There is (currently and temporarily) only one storage strategy, which can be changed via the `strategy` option. See tracer opt documentation for an example of setting it. To implement your own (ETS adapter should be on its way) simply implement the `Spandex.Strategy` behaviour. Keep in mind that the strategy is not an atomic pattern. It represents retrieving and wholesale replacing a trace, meaning that it is *not* safe to use across processes or concurrently. Each process should have its own store for its own generated spans. This should be fine because you can send multiple batches of spans for the same trace separately.

## Datadog Api Sender Performance

Originally, the library had an api server and spans were sent via `GenServer.cast`, but we've seen the need to introduce backpressure, and limit the overall amount of requests made. As such, the datadog api sender accepts `batch_size` and `sync_threshold` options.

Batch size refers to *traces* not spans, so if you send a large amount of spans per trace, then you probably want to keep that number low.
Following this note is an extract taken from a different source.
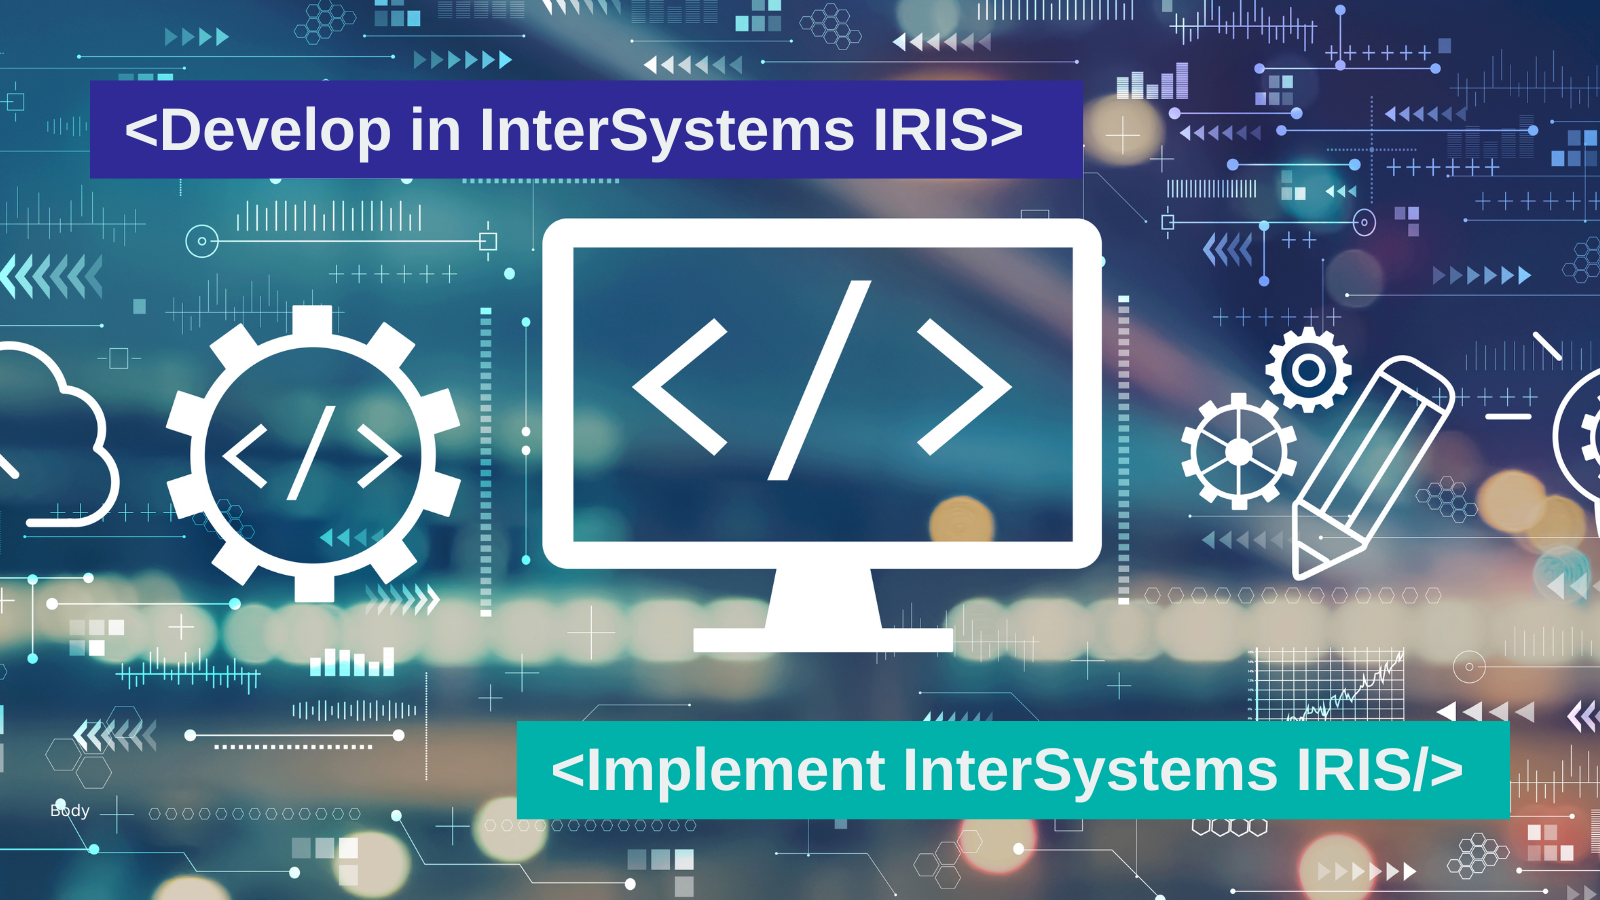 Develop in InterSystems IRIS, Implement InterSystems IRIS
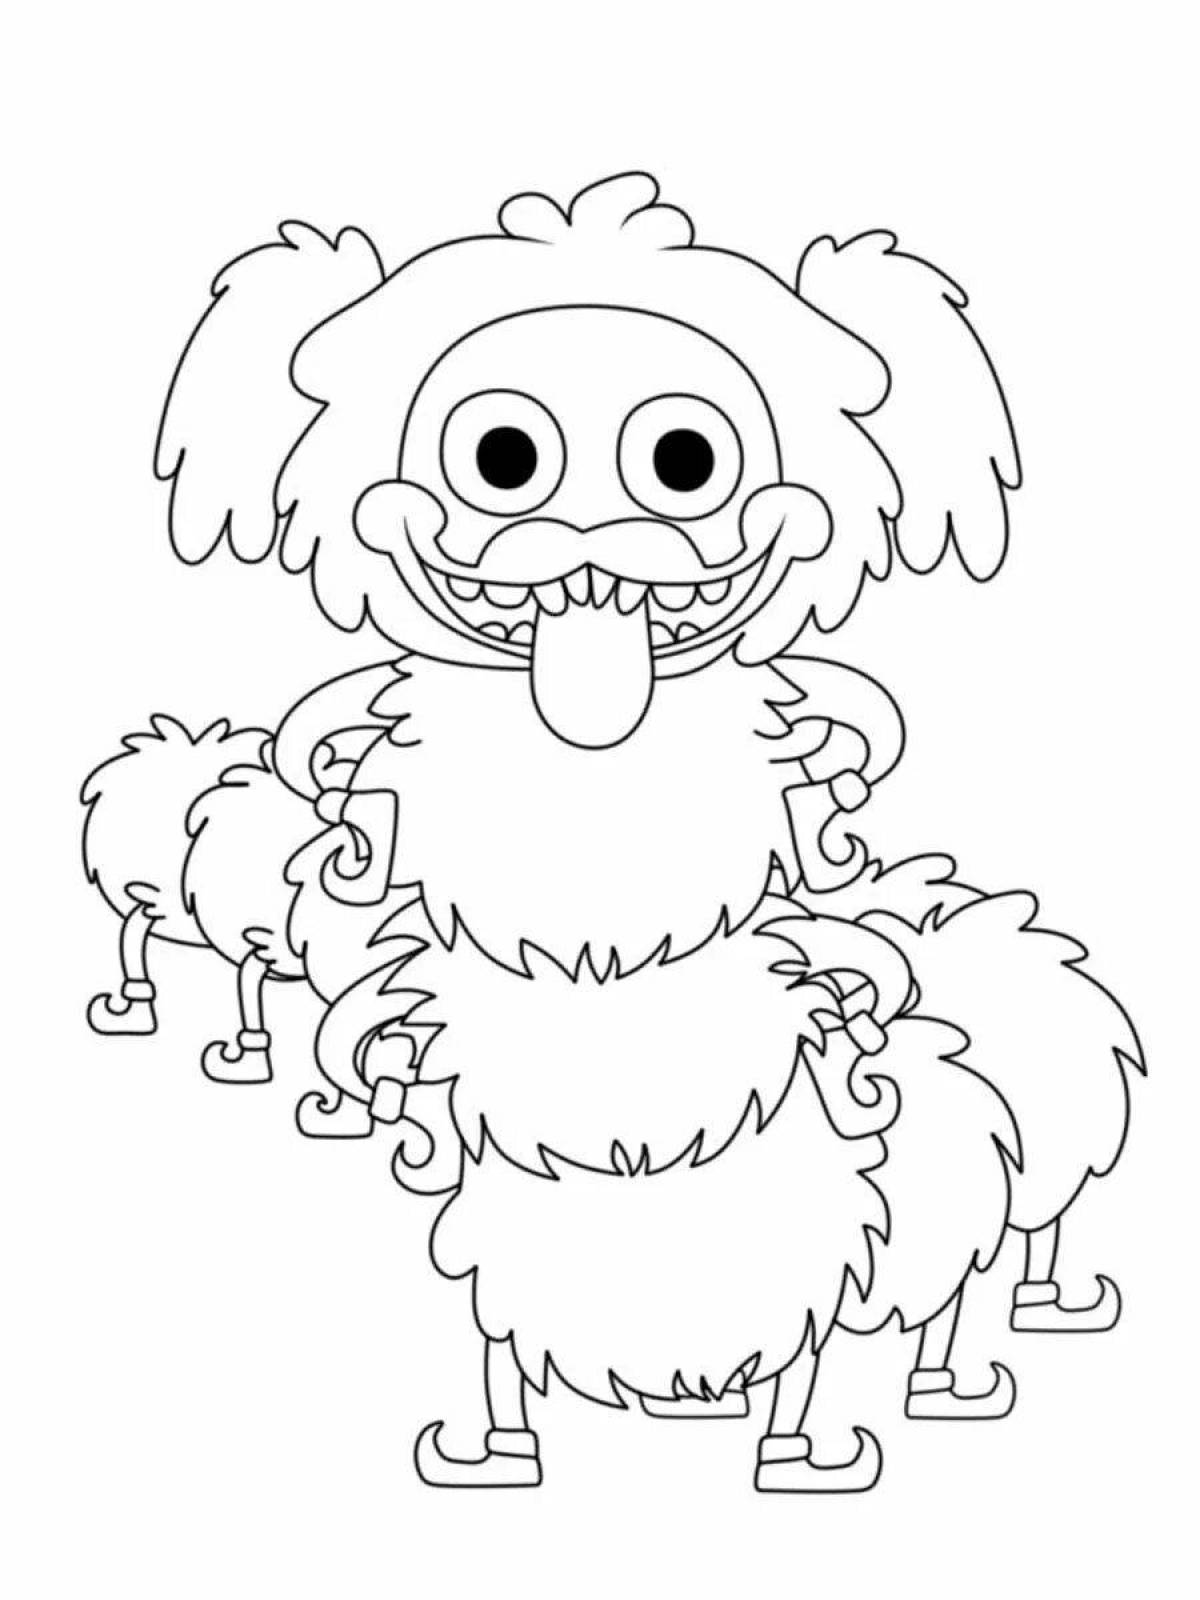 Pj caterpillar funny coloring page

If you send only a few spans, then you could set it significantly higher.

Sync threshold refers to the *number of processes concurrently sending spans*. *NOT* the number of traces queued up waiting to be sent. It is used to apply backpressure while still taking advantage of parallelism. Ideally, the sync threshold would be set to a point that you wouldn't reasonably reach often, but that is low enough to not cause systemic performance issues if you don't apply backpressure. A simple way to think about it is that if you are seeing 1000 request per second, and your batch size is 10, then you'll be making 100 requests per second to datadog(probably a bad config). But if your sync_threshold is set to 10, you'll almost certainly exceed that because 100 requests in 1 second will likely overlap in that way. So when that is exceeded, the work is done synchronously, (not waiting for the asynchronous ones to complete even). This concept of backpressure is very important, and strategies for switching to synchronous operation are often surprisingly far more performant than purely asynchronous strategies (and much more predictable).